- Born: 1990 (age 35–36) Iași, Romania
- Organizations: Sex Work Call; MozaiQ;
- Known for: Anti-racist activism; women's rights activism; trans rights activism;
- Website: lerca.ro

= Antonella Lerca Duda =

Romanian activist and sex worker

Antonella Lerca Duda (born c. 1990) is a Romanian activist and sex worker. She is the founder of Sex Work Call, Romania's first sex workers' rights organisation. In 2020, she ran in the Romanian local elections, becoming the country's first trans election candidate.

== Early life ==
Lerca grew up in a Roma family with seven siblings. At fourteen years old, she was forced to marry a woman, but the marriage was not consummated. She was admitted to Socola Psychiatric Hospital, where she was diagnosed with gender dysphoria. She then began hormone replacement therapy. At the age of seventeen, due to harassment, she relocated to Italy with her partner.

After relocating to Italy, Lerca and her partner worked in a vineyard until they broke up. She then moved to Venice where, because no one wanted to employ her, she turned to sex work. She sent money to her family and in 2012, she began returning to Romania once a year.

In 2018, after living in Italy for eleven years, Lerca returned to Romania to defend LGBTQ+ rights, an ambition that began while living in Italy.

== Activism ==
Since returning to Romania in 2018, Lerca has advocated for the rights of sex workers. In particular, she campaigns for intersectionality between sex workers, anti-racists, feminists, and the LGBTQ community.

In 2019, Lerca founded Sex Work Call, Romania's first association of sex workers. It is part of the International Committee on the Rights of Sex Workers in Europe. In June of the same year, Lerca organised a sex workers' rights demonstration, the first of its kind in Romanian history, in front of the Parliament. Shortly after, Romani people and sex workers were represented for the first time at a pride march.

The same year, Lerca joined Giuvlipen, a Roma feminist theatre company. She performed in Sexodrom, a play in which several Roma women recount their experiences.

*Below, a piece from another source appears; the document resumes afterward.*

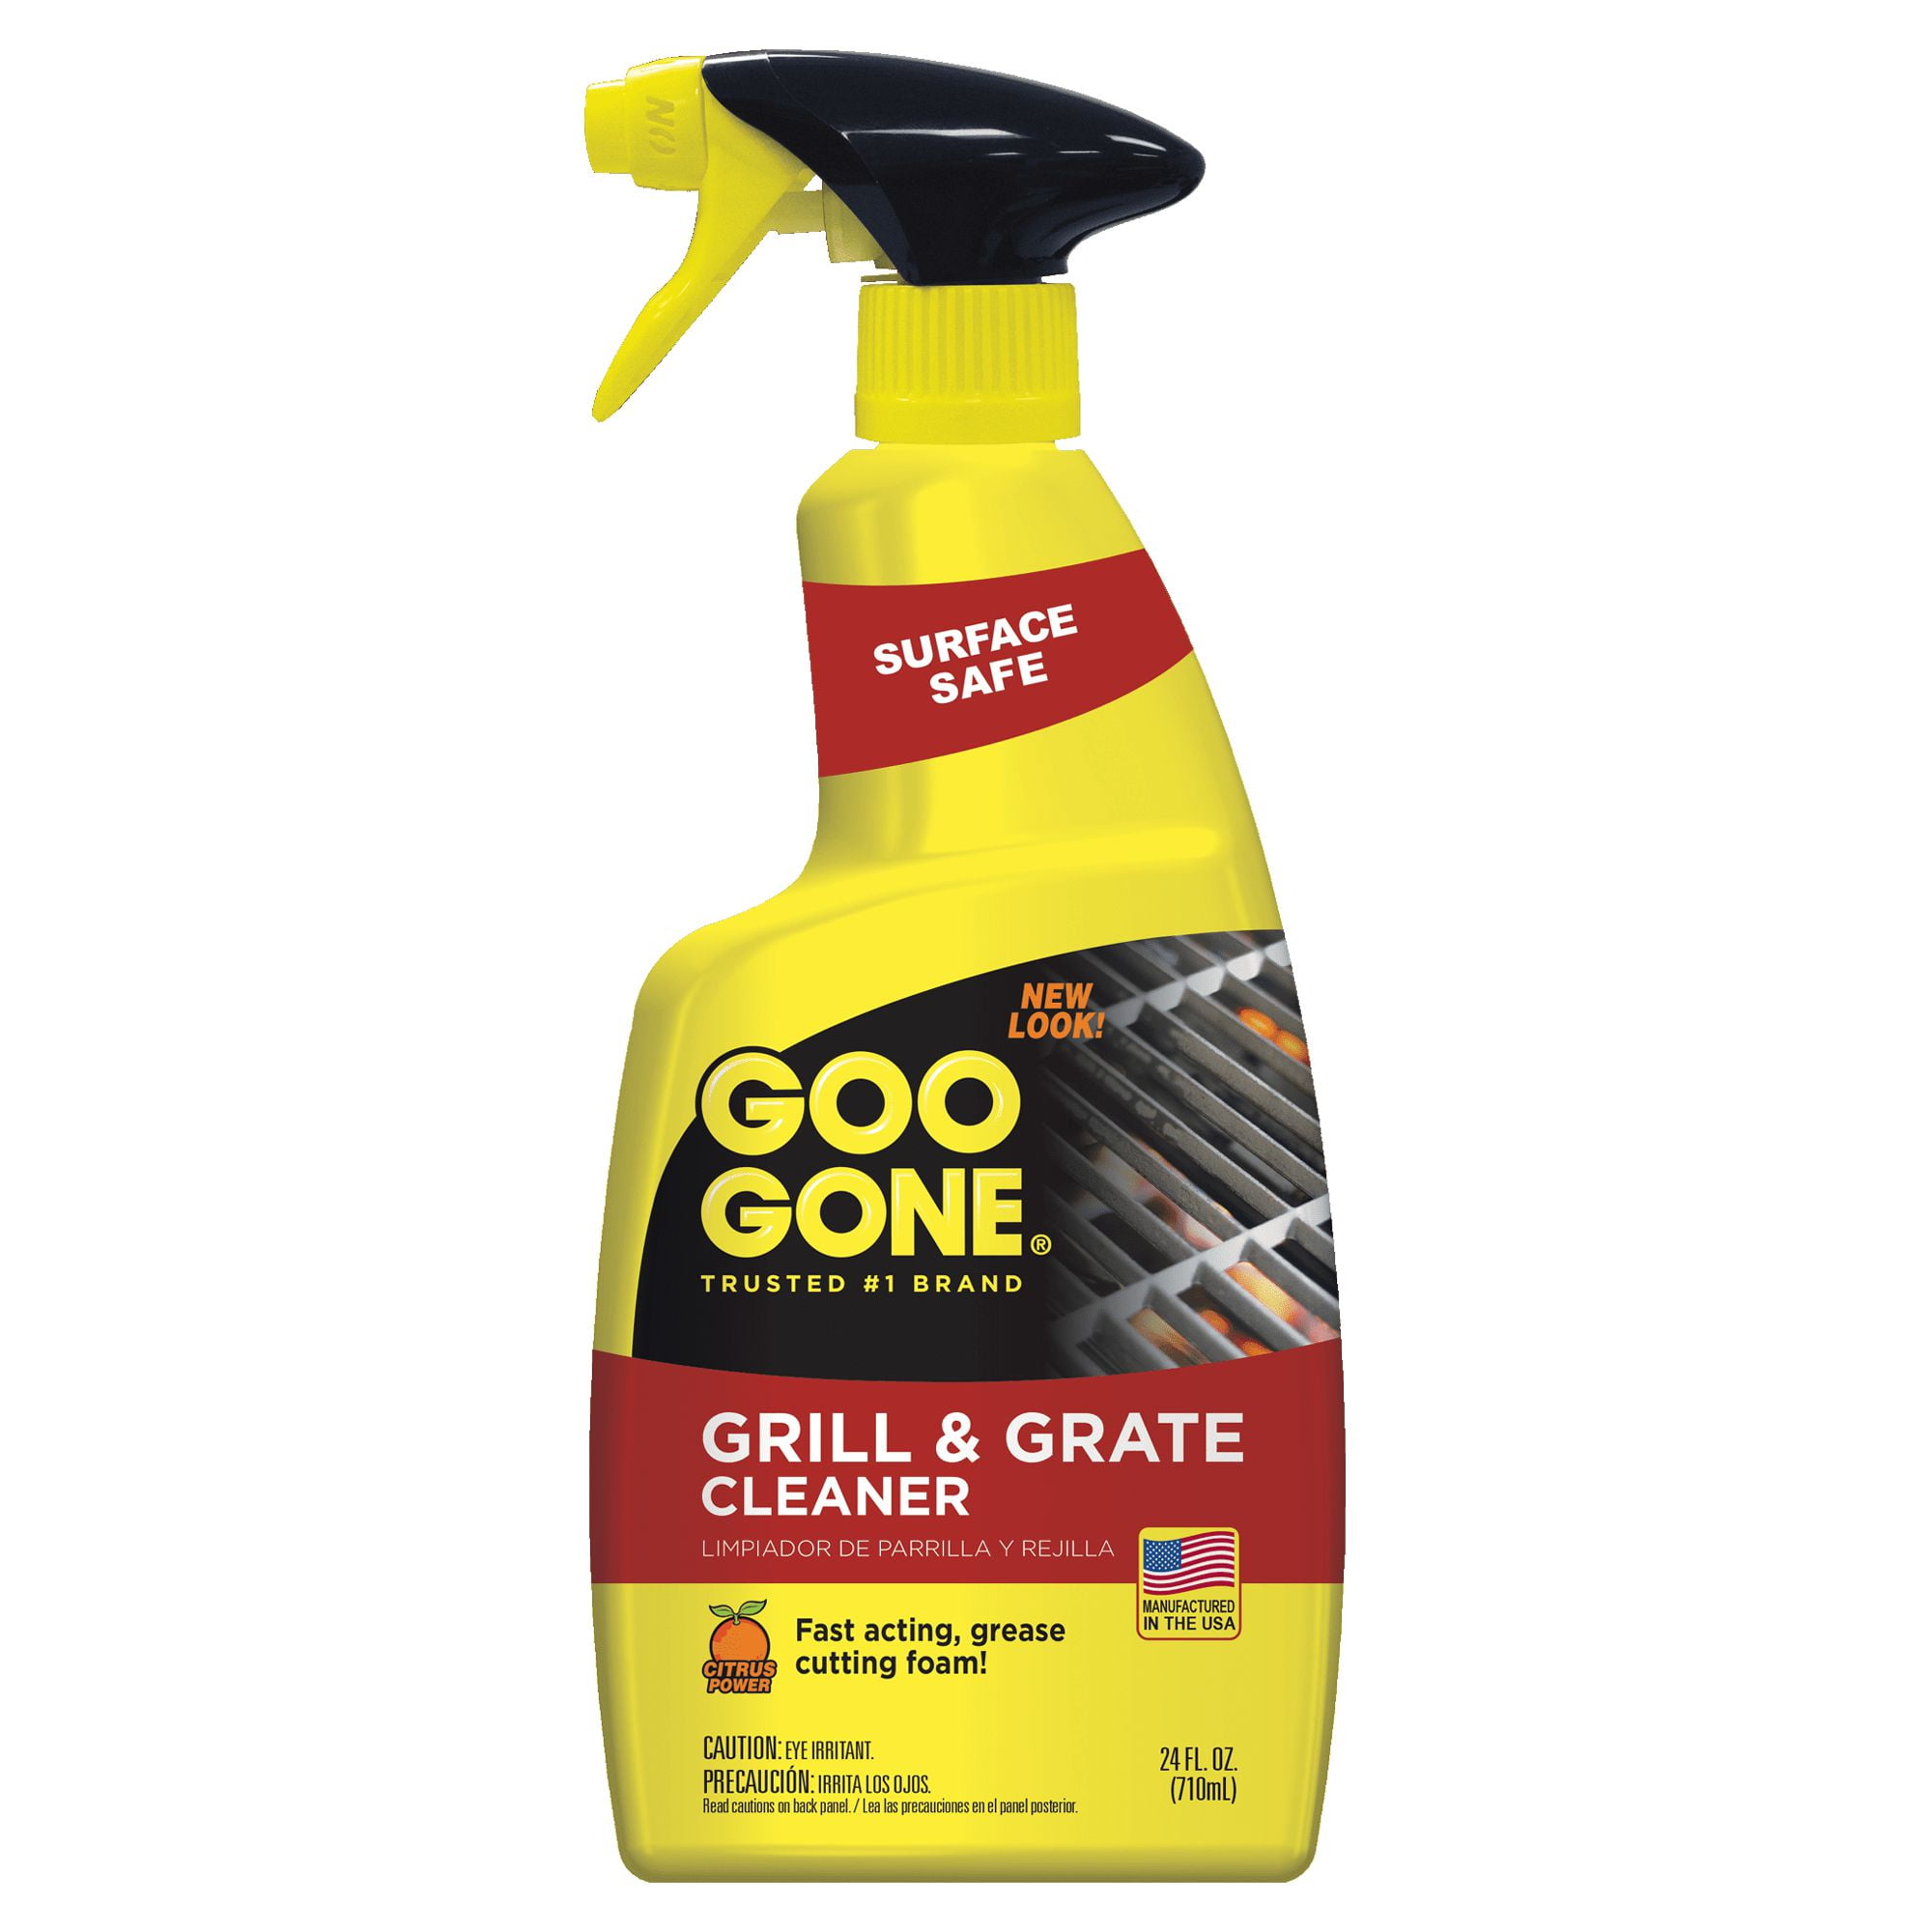 Goo Gone Degreaser Household Cleaning Products for sale

Lerca is a board member for the LGBTQ organisation MozaiQ.

=== 2020 Romanian local elections ===
In 2020, Lerca ran for election in Bucharest's Sector 2. As the first trans election candidate in Romanian history, she received international media coverage and was the victim of several transphobic and racist attacks. A fundraiser was organised to help her.

Her campaign, described by Komitid as "ultra-progressive for Romania", focused on the right to housing, social protection, public services, ecology, and tackling corruption, discrimination, and violence against women (particularly public harassment and sexual violence). She also pledged construction of refuges for women with children.

However, Lerca did not receive the 1,700 signatures required to run in the election.